The History of Heart Transplants: Stanford Innovation
By Marcelo Fernández-Viña, PhD, D (ABHI), Medical Director of SBC’s Histocompatibility & Immunogenetics Laboratory (HLA Lab)
A few months ago for national Donate Life Month, we shared information on our SBC blog (HemoBLOGin) about organ donation and the critical role SBC’s Histocompatibility & Immunogenetics Laboratory (HLA Lab) plays in making sure donated organs can be transplanted successfully. And while our blog and website contain plenty of information on the innovative donor-patient matching we do today, few know about the rich history of transplantation, much of which was cultivated right here at Stanford!
One great example of innovation throughout the years is in heart transplantation. Today, the situation in which a heart transplant occurs would typically be something like this: A patient in heart failure has been unresponsive to other medical or surgical treatment options and now must receive a heart transplant for survival. They are put on the waiting list until someone who is registered as an organ donor passes away. If the deceased donor’s heart is viable for a transplant, the heart transplant candidate might receive the allograft based on histocompatibility in the two major blood type systems (ABO and HLA), as determined by an HLA lab. The histocompatibility — or the degree of matching between donor and recipient — is assessed before transplantation by several technologies, including ABO and HLA typing, alloantibody detection/identification and donor-recipient crossmatching. The HLA lab also performs post-transplant monitoring of humoral and cellular alloimmune response to make sure that the organ is not rejected. Based on this strategy, heart transplants today have an impressive 85% survival rate at one year and 53% at 10 years.
What is now a fairly successful and standardized transplant process, however, was not always so safe or straightforward. The first heart transplant was attempted in 1905 with two canines. The heart was transplanted immediately from the smaller donor dog into the neck of the larger recipient dog, who lived only two hours after the procedure. Experiments like these would come to be fairly common in the medical transplant community for many decades, with transplants between dogs serving as the backbone of heart transplant research through the early 1960s. Though surgical techniques were improved during this time, no canines lived longer than a few days, with most still living only a few hours.
After a failed attempt at transplanting a large chimpanzee’s heart into a human in 1964, the first human-to-human transplant was performed in 1967. Though the recipient died within the month from pneumonia, the transplant itself was considered to be successful. While the surgery was performed by a doctor in South Africa, the techniques and research used to support this transplant were largely attributed to Dr. Norman Shumway of Stanford University. His published research based on experiments with animals paved the way for other transplants around the world, with Stanford performing the fourth ever human-to-human transplant the next year. Despite many institutions closing their transplant programs during the late ’60s and into the ’70s, Stanford was one of four main institutions that continued to perform these groundbreaking operations and advance the field in critical ways.
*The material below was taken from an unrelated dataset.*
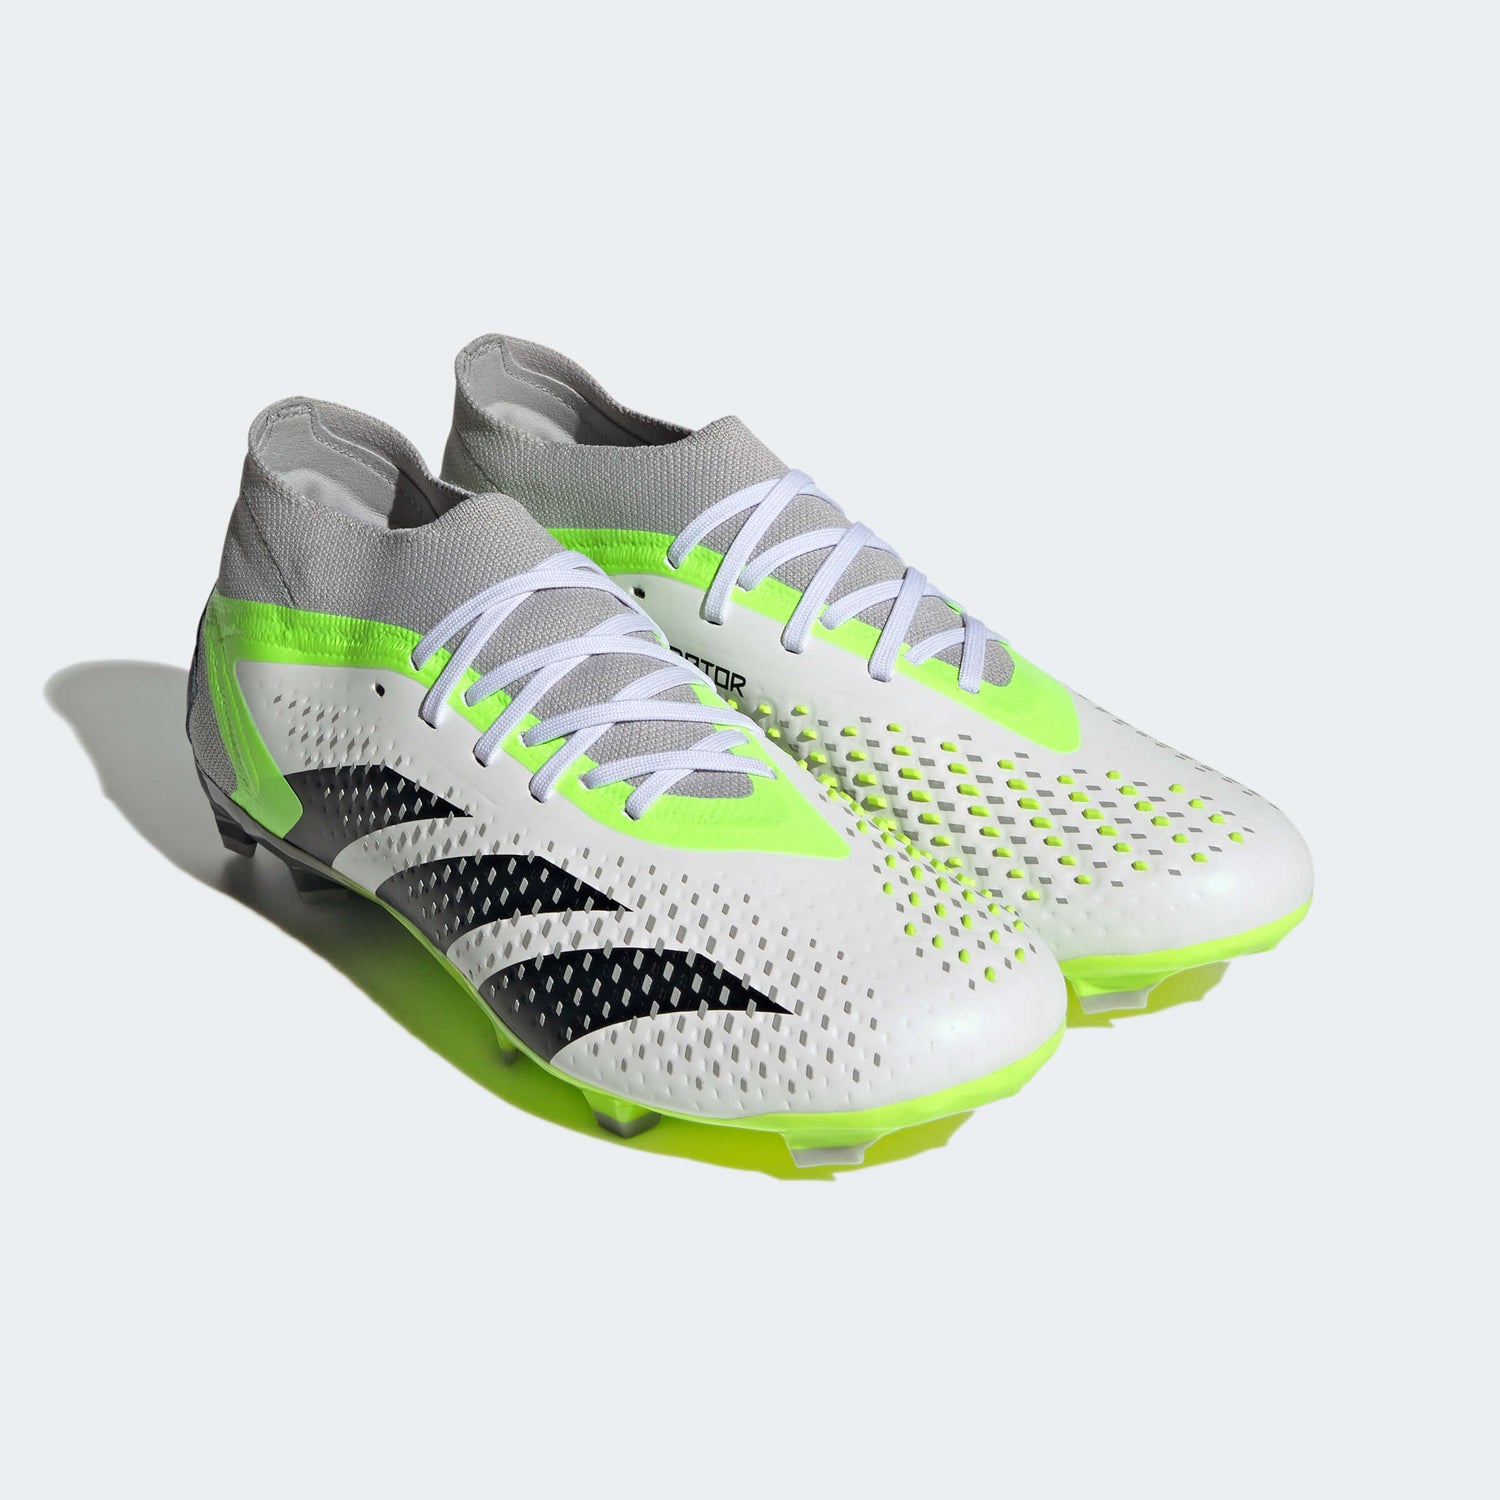 adidas Predator Accuracy.2 FG - Crazyrush Pack (FA23) (Pair - Lateral Front)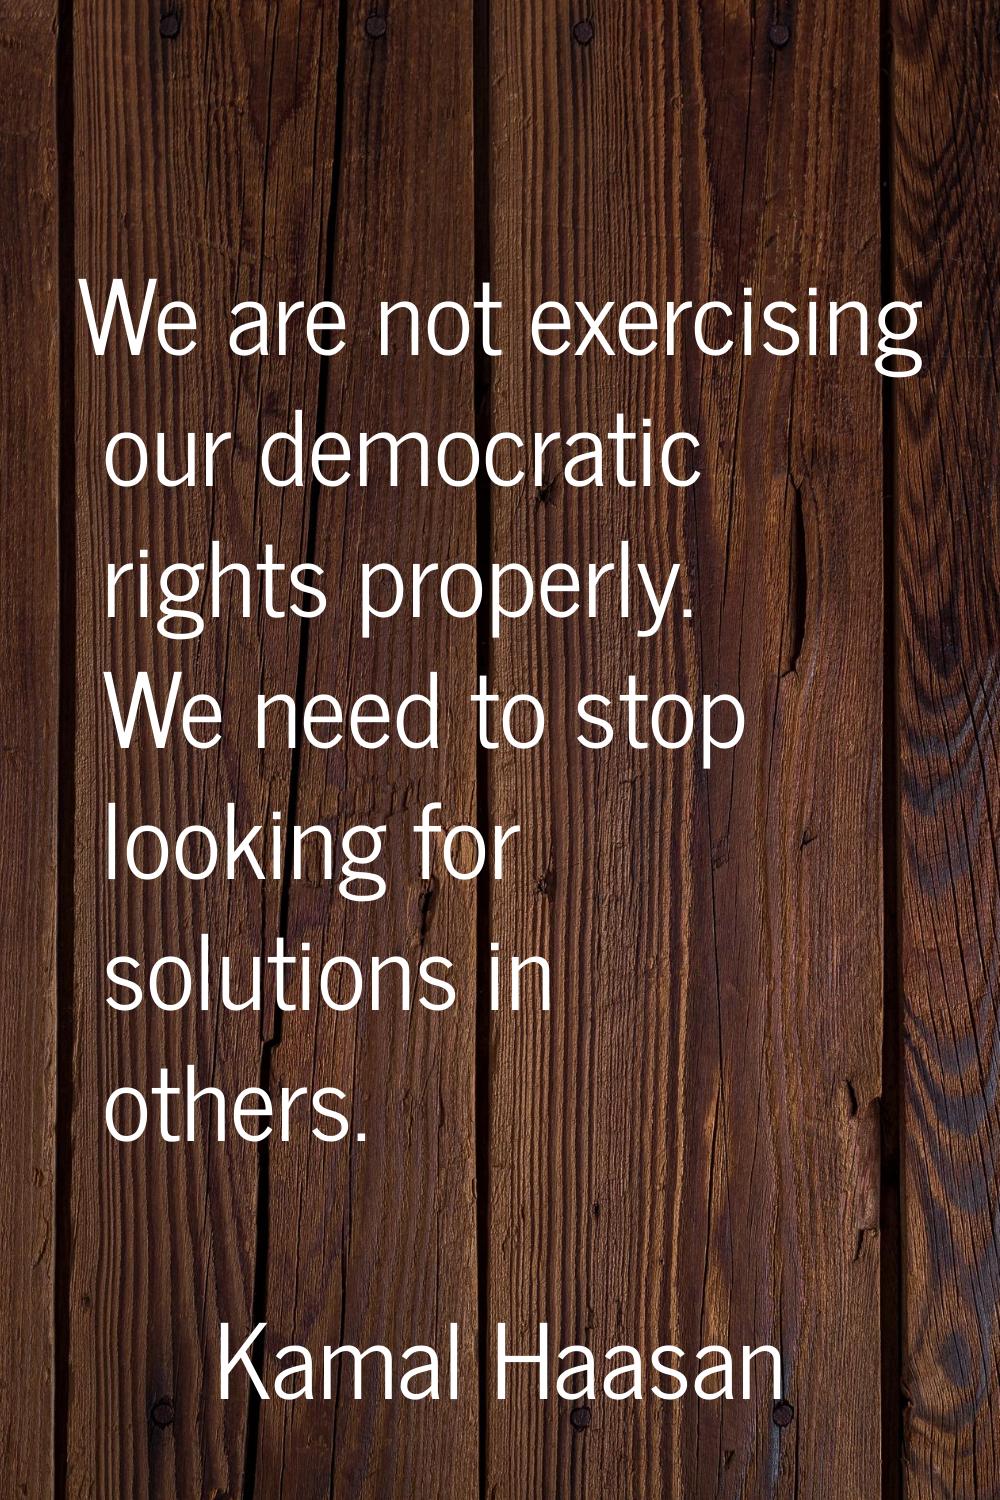 We are not exercising our democratic rights properly. We need to stop looking for solutions in othe

For example, one of the main issues doctors had been having previously was lack of an ability to properly store an organ for transplant. The procedures had to be done quickly, and it was believed that some of the early failures were a result of the organ having been non-functioning for too long before the surgery. In the early 1970s, Stanford researchers revolutionized transplantation when they discovered that storing organs, including hearts, in a “chilled, high-potassium electrolyte solution” helped preserve it for hours, which enabled transport of organs and thereby more accessibility and success for patients.
Two major milestones that followed shortly thereafter addressed rejection of heart transplants — the very thing our current HLA Lab seeks to prevent as well! In 1972, Drs. Philip Caves and Margaret Billingham at Stanford developed an instrument that could be inserted through a patient’s neck vein and guided down into the heart, where it could withdraw small samples of the heart to be analyzed for early signs of rejection — something doctors had previously not been able to detect until it was often too late. Then in 1980, Dr. Shumway was back on the scene, this time with a cyclosporine drug that, when taken after transplantation, was shown to lower the chance of the heart being rejected. Only a year later, Dr. Shumway went on to perform the first-ever simultaneous heart and lungs transplant (which was also the very first successful lung transplant).
Since the ’80s, Stanford researchers have continued to make major innovations in heart transplantation and in creating medications and even DNA testing to predict and prevent organ rejection. Clinical research in histocompatibility and immunogenetics at Stanford has also made significant contributions in alloantigen and alloantibody discrimination, as well as in functional assays to support desensitization and rejection therapy. Now, just over 50 years after the first human-to-human transplant at Stanford, we are proud to continue our legacy of innovation in health care and, above all, provide services that give local patients hope for healing.